Oil Prices Climb $2 as Supply Concerns Outweigh Weak Demand
By Adedapo Adesanya
Oil prices rose more than $2 on Wednesday as caution over tightening supply countered the negative impact of uncertain demand, with Brent chalking up $2.38 or 2.6 per cent to trade at $92.41 a barrel as the West Texas Intermediate climbed higher by $2.73 or 3.3 per cent to trade at $85.55 a barrel.
Amid many bearish factors, prices have rallied since the Organisation of the Petroleum Exporting Countries agreed to reduce its production target by roughly 2 million barrels a day, though that is expected to only include about 1 million barrels of actual output declines.
A pending European Union ban on Russian crude and oil products, and the output cut from OPEC are proving to hold the market up.

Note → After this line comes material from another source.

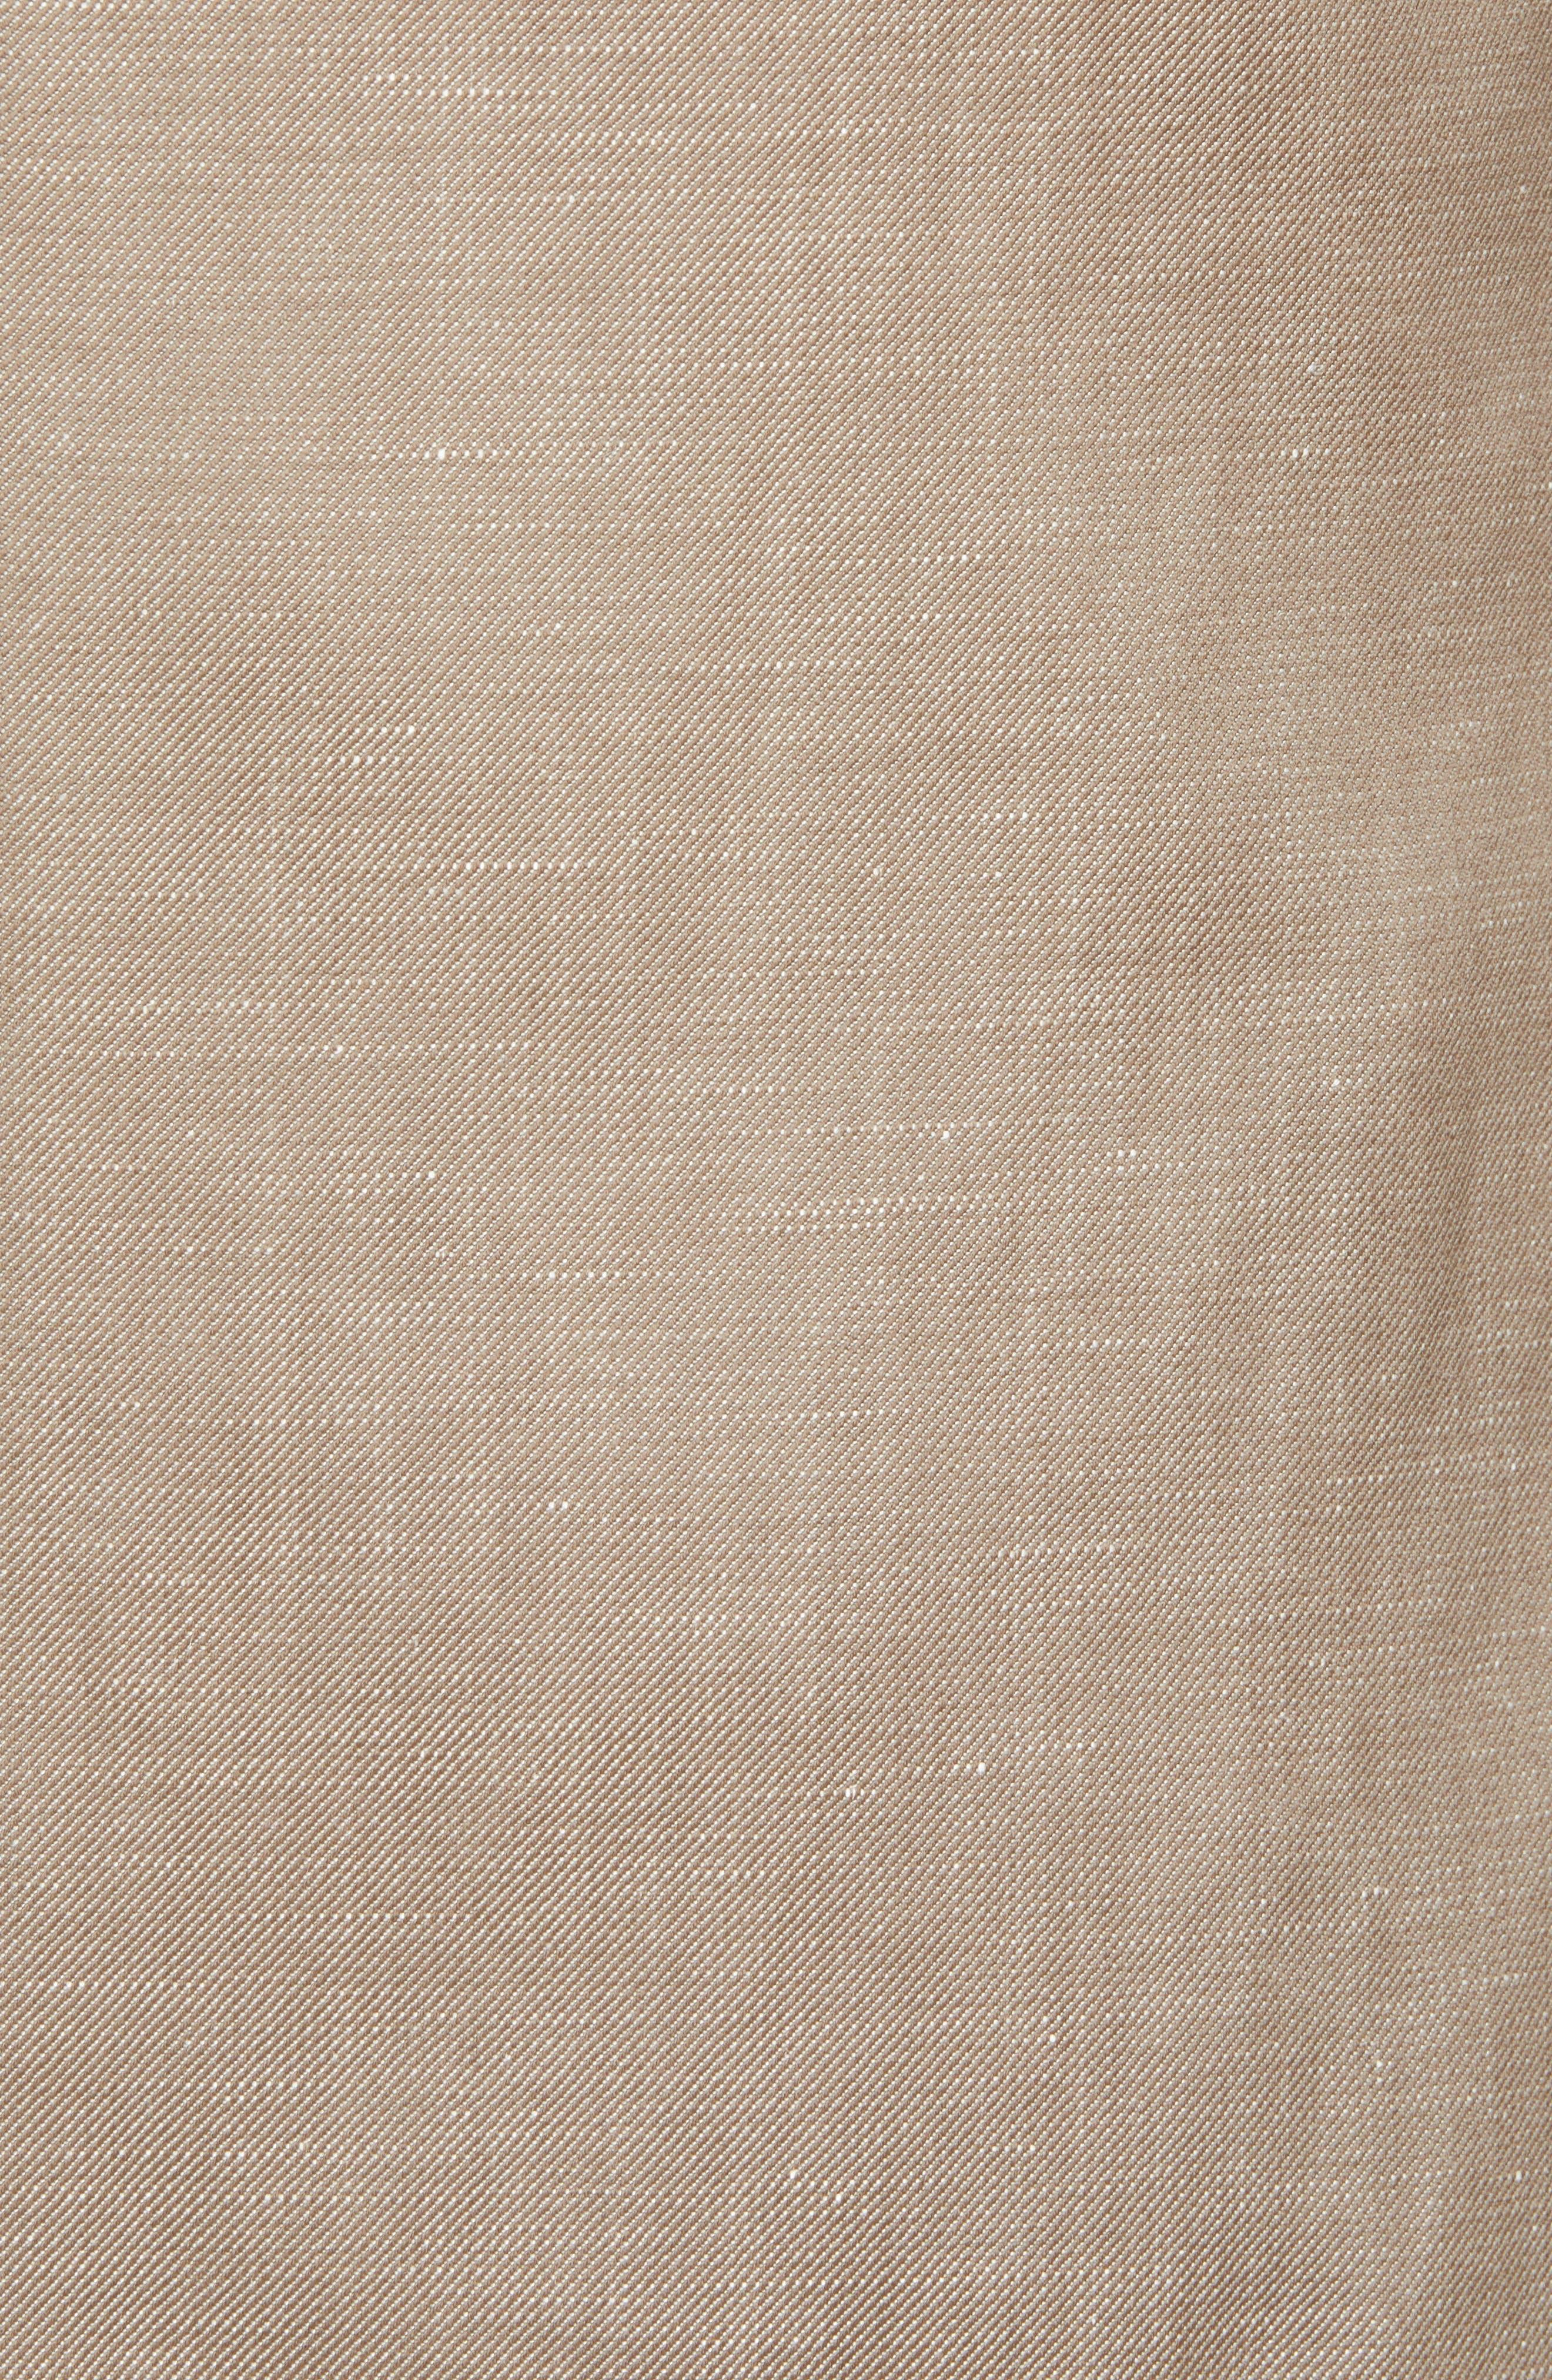 Traditional Fit Wool & Linen Blazer,                             Alternate thumbnail 3, color,                             Tan

The sanctions on Russian oil imports will likely be the new focus of the oil market in the coming weeks, and there are expectations that Brent oil futures will average $100 per barrel in Q4 2022 on the back of supply disruption from the EU sanctions.
On Wednesday, President Biden announced the release of another 15 million barrels of crude from the Strategic Petroleum Reserve (SPR), which would complete the 180-million-barrel release program announced earlier this year to counter soaring prices at the pump.
The US plans to repurchase oil for the reserve if prices fall enough.
The White House said in a fact sheet it would start replenishing the SPR when oil prices fall to between $67 and $72 per barrel, noting this would ensure long-term demand for oil and stimulate local production.
The reserve release would be the last sale from the planned sale of 180 million barrels of oil announced shortly after Russia invaded Ukraine in February.
Market analysts note that an SPR release is near-term bearish but long-term bullish because the US was going to buy it back.
Prices rose even as the US Energy Information Administration (EIA) reported that crude oil inventories had shed 1.7 million barrels in the week of October 14 compared with an inventory build of 9.9 million barrels for the previous week and an American Petroleum Institute (API) estimate of declines in both crude and fuels for last week.
China has also continued with strict COVID-19 curbs this year, hurting business and economic activity in the world’s largest crude importer.